Adding "double-prior" in GP

Hi all,

I’ve been trying to place a kind of “double-layer” priors on GP models. It is clear in the tutorial about how to set the prior distribution on lengthscale parameters (i.e. by calling model.kernle.set_prior(‘lengthscale’, dist.LogNormal(mean, variance)))

The problem I have is to place another distribution on the “LogNormal” dist. In mathematics,

sigma_i~N(1.,1.)
l_i~LogNormal(1., sigma_i)

where l_i represents the length scale parameter.

I see a somehow related post adding GP in mixed effects models. But I am not sure whether it is valid to change the kernel every time for updating.

Could anyone tell me or give me some hints about this? I really appreciate all your help and time.
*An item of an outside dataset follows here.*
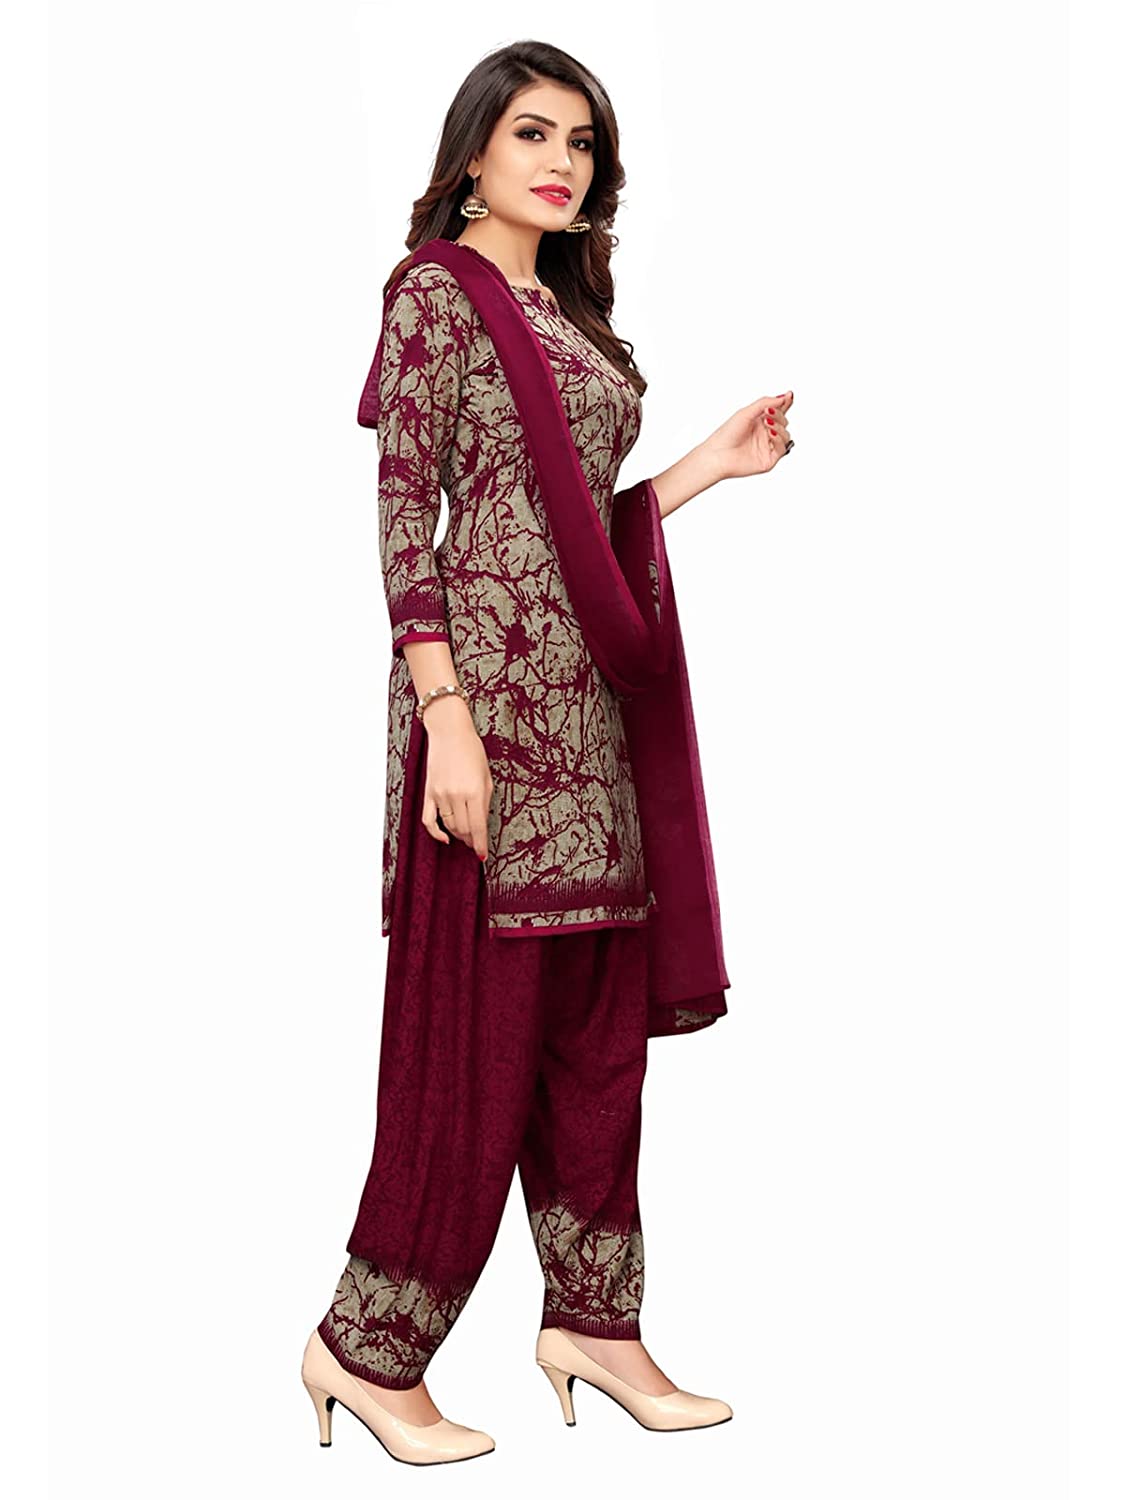 SIRIL Women's Crepe Printed Unstitiched Dress Material -  salwar suits in Sri Lanka from Arcade Online Shopping - Just Rs. 4099!

@uempheral I would suggest to build a GP model from scratch if you want to set hierarchical priors for hyperparameters. :slight_smile:

Okay!Thank you so much for your reply. I will try to build the model from scratch :grin:

Hi @uempheral, I just think about this again and change my mind. Actually you can do something like this

def model():
     sigma_i~N(1.,1.)
     l_i~LogNormal(1., sigma_i)
     kernel.lengthscale = l_i
     ...
1 Like

Thank you so much! (Sorry that I did not notice you replied to me.)